第159章 世子坐堂查旧卒,千户微服探隐情
晨雾吞没雁雍大营。
世子萧冉的营帐内,静谧无风。
萧冉换了一身利落的青色常服,将一块令牌扔在案几上,看向坐在下首的周起:
“周千户,父王将这刺杀案交给了我。依你看,这案子咱们从何处查起?”
周起端著茶盏,借着喝茶的掩护,脑中将当下的局势盘算了一遍。
镇北军坐拥二十八万悍卒,是整个大宁朝的北境屏障。
外有天狼草原虎视眈眈,东北方还有锦国厉兵秣马。
朝廷对藩王拥兵自重早有猜忌,削藩的折子怕是早就堆满了皇上的龙案。
如今镇北王年过六旬,而眼前这位世子却年纪尚轻,在军中既无傲人战功,也无实权。
反倒是那两个女婿,各掌两卫兵马,树大根深。
左右两路总兵苏澈与韩岳,也是各有嫡系,互相制衡又互相倾轧。
昨夜的刺杀,显然是有人等不及了。
是女婿想趁机夺权?是朝廷的暗桩想除掉藩王?还是外敌想乱镇北军军心?
镇北王戎马一生,什么暗杀场面没见过?昨夜刺客放冷箭时他恰好不在榻上,哪有这么多巧合。
王爷心里恐怕早就圈定了几个嫌疑人,如今明面上让世子去查,无非是在熬鹰。
一来,锻炼世子的手腕。
二来,让他知道身居高位的凶险。
至于为何非要让自己协助?
周起自嘲地暗想:自己一个云州来的偏将,连各营的门朝哪开都不知道,查个屁的真凶。王爷看中的,是自己带来的连弩激起了世子的兴致,让世子通过熟悉的领域参与到了案件当中,找到了自信。
这大营之中,能布下这等连环死局的,两只手都数得过来。苏澈不可能陷害自己,剩下的无非是那几个大人物。

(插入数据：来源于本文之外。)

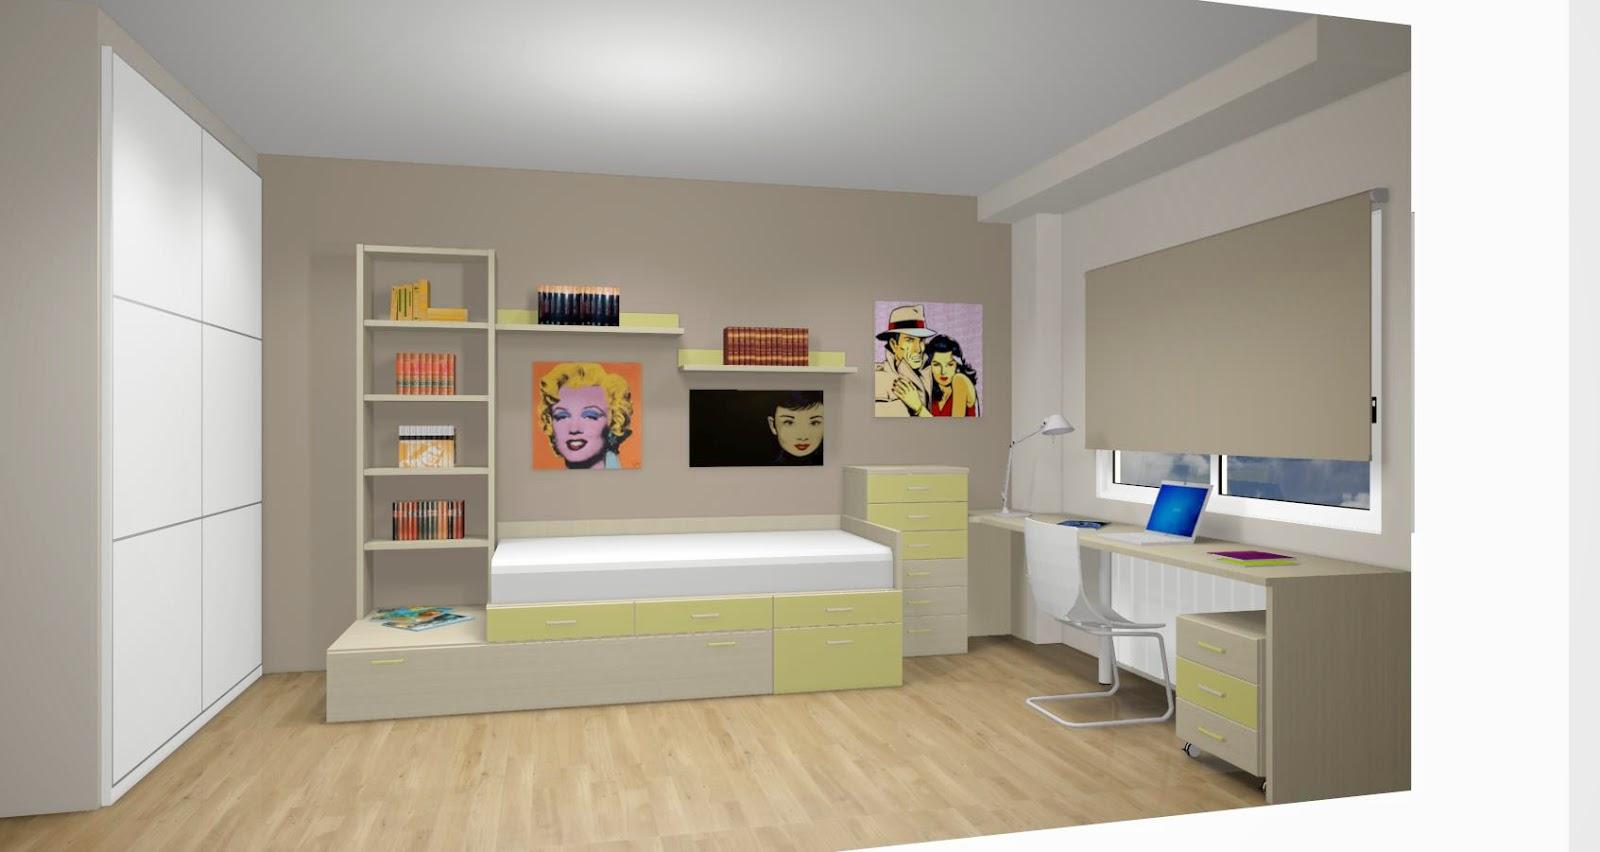 Dise o de cuartos o dormitorios juveniles - Habitaciones modulares juveniles ...

这等神仙打架,自己若是真梗著脖子把真凶挖出来,镇北王也未必会去杀手握重兵的女婿或大将。
到那时,自己反倒成了众矢之的。
想通了这一层,周起便定下了心思。不求水落石出,只求让王爷看到世子的长进。只要自己彻底绑在世子这条船上,日后左路军里,他周起的地位就更稳了。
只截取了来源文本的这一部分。